### What is needed
Write down the listing again exactly as it appears below, without its pictures.

### Data
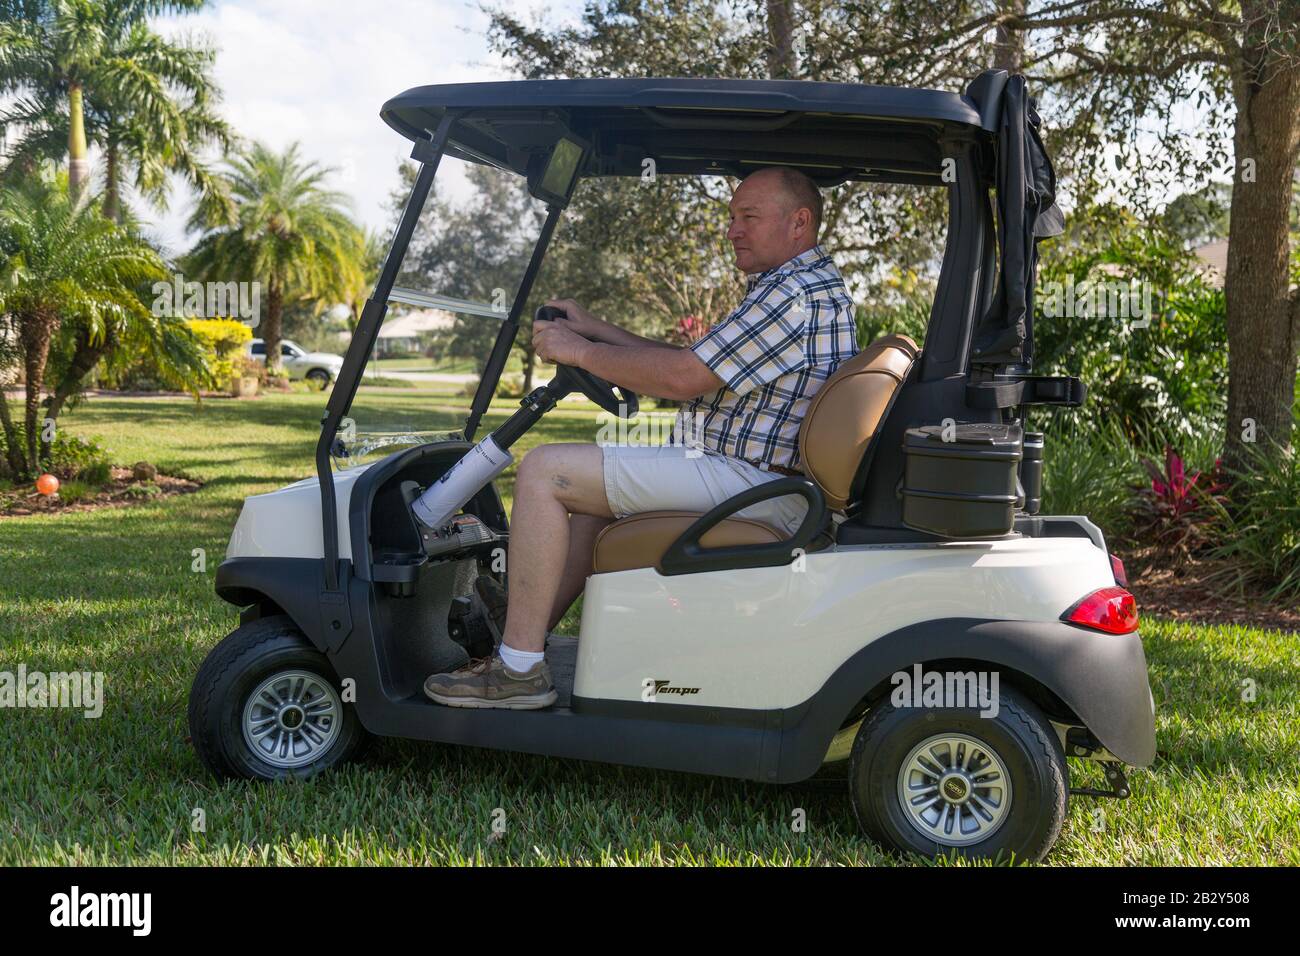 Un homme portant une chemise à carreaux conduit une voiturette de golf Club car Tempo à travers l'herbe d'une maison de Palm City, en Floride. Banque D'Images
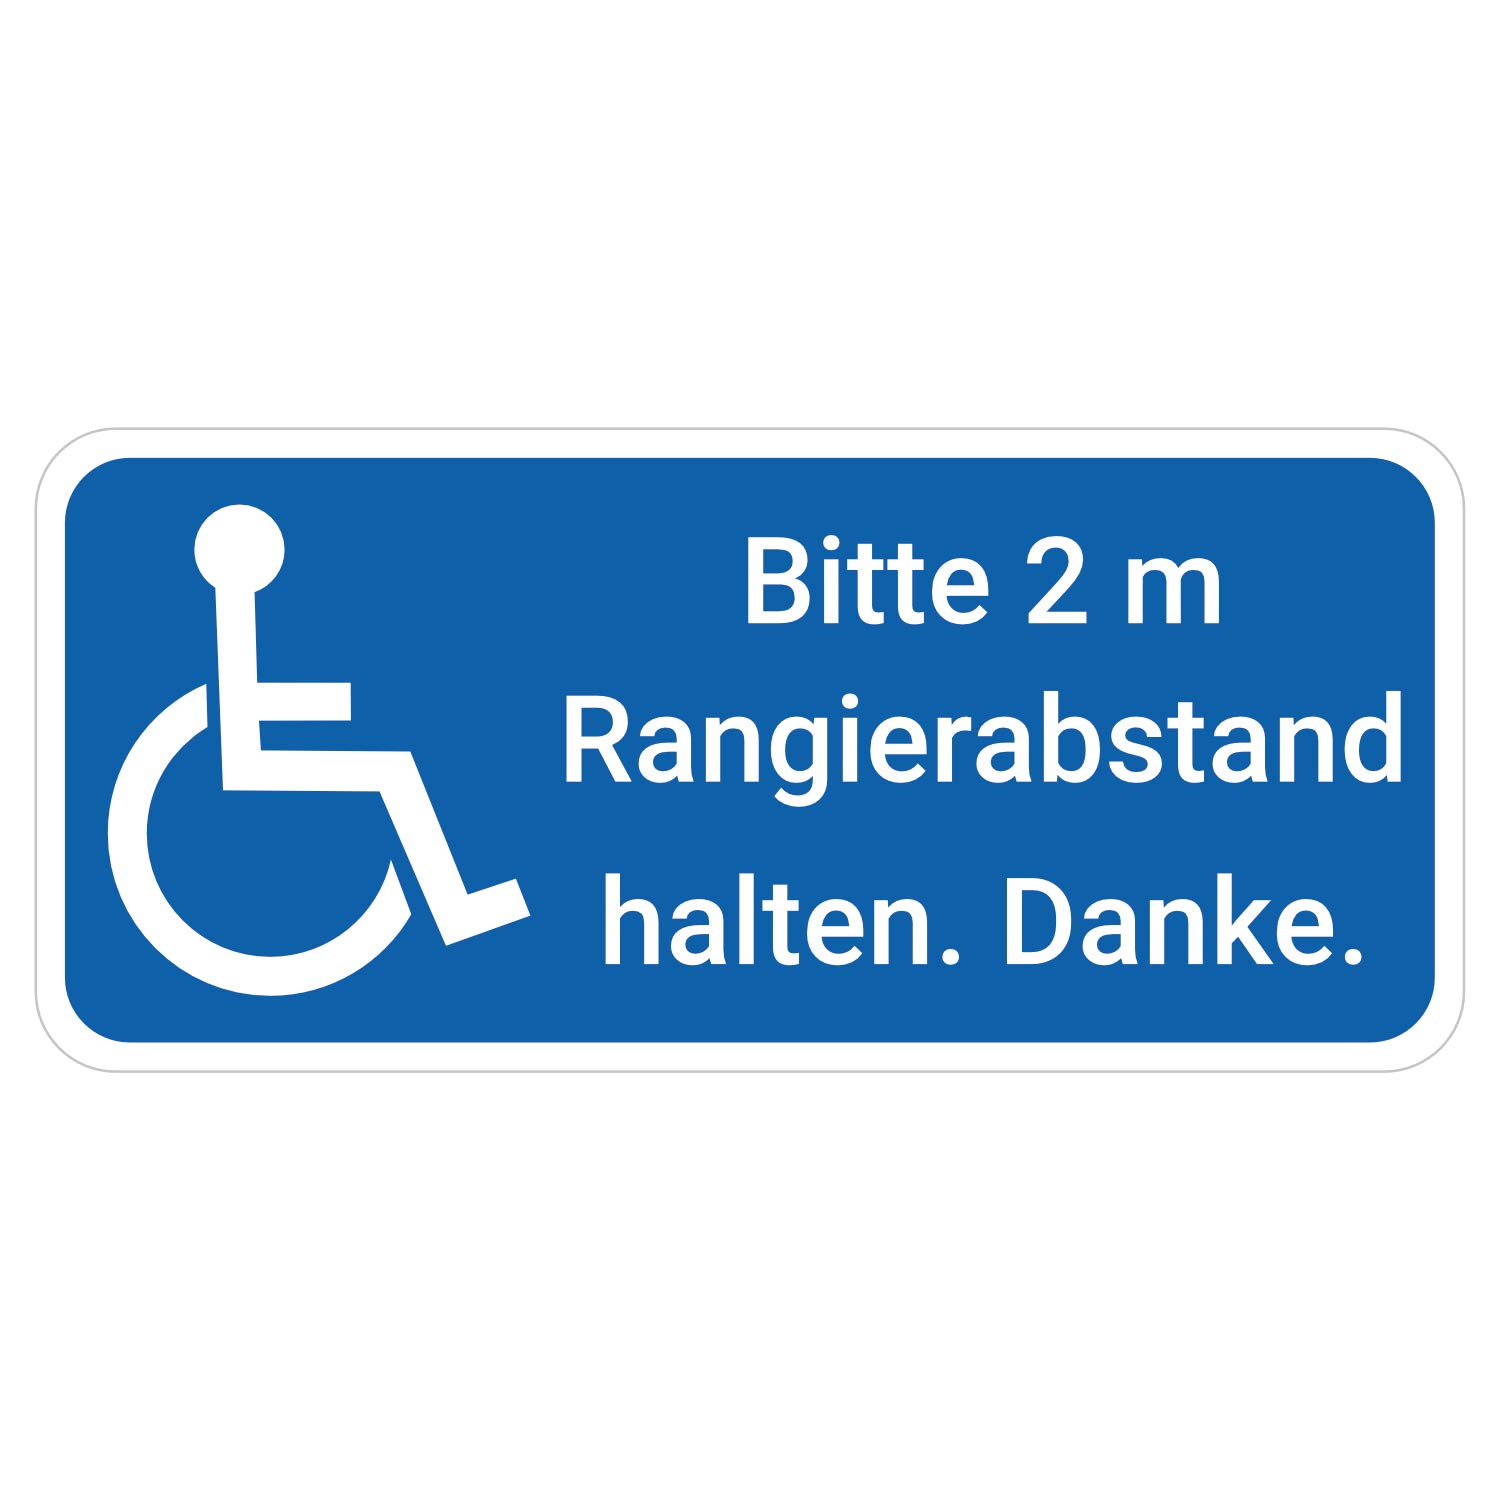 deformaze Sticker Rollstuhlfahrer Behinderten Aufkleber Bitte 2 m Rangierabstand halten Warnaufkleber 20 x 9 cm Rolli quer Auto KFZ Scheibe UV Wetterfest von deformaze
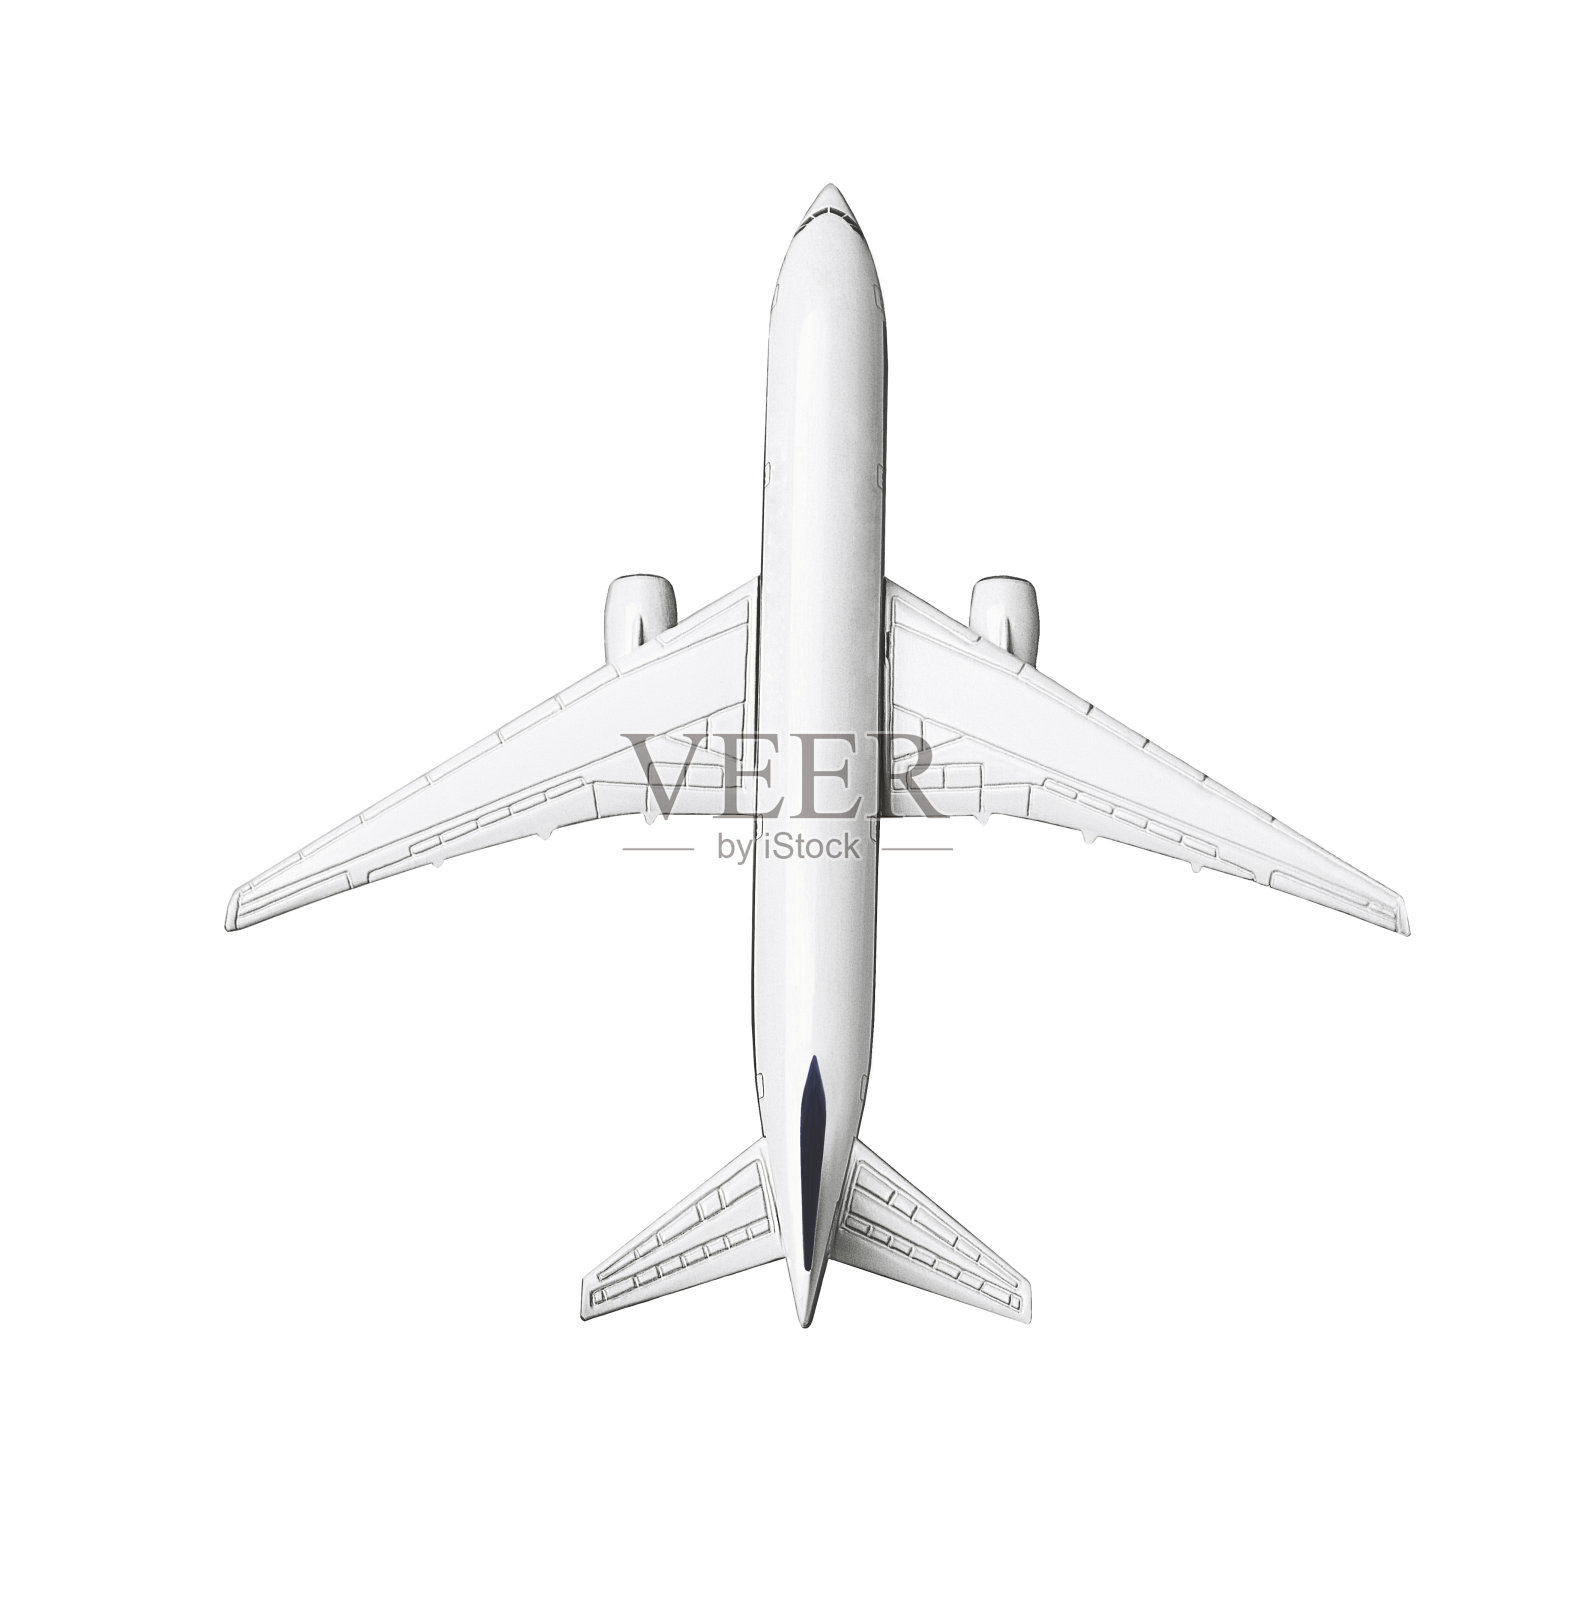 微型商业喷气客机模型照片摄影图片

### Response
 Un homme portant une chemise à carreaux conduit une voiturette de golf Club car Tempo à travers l'herbe d'une maison de Palm City, en Floride. Banque D'Images
 deformaze Sticker Rollstuhlfahrer Behinderten Aufkleber Bitte 2 m Rangierabstand halten Warnaufkleber 20 x 9 cm Rolli quer Auto KFZ Scheibe UV Wetterfest von deformaze
 微型商业喷气客机模型照片摄影图片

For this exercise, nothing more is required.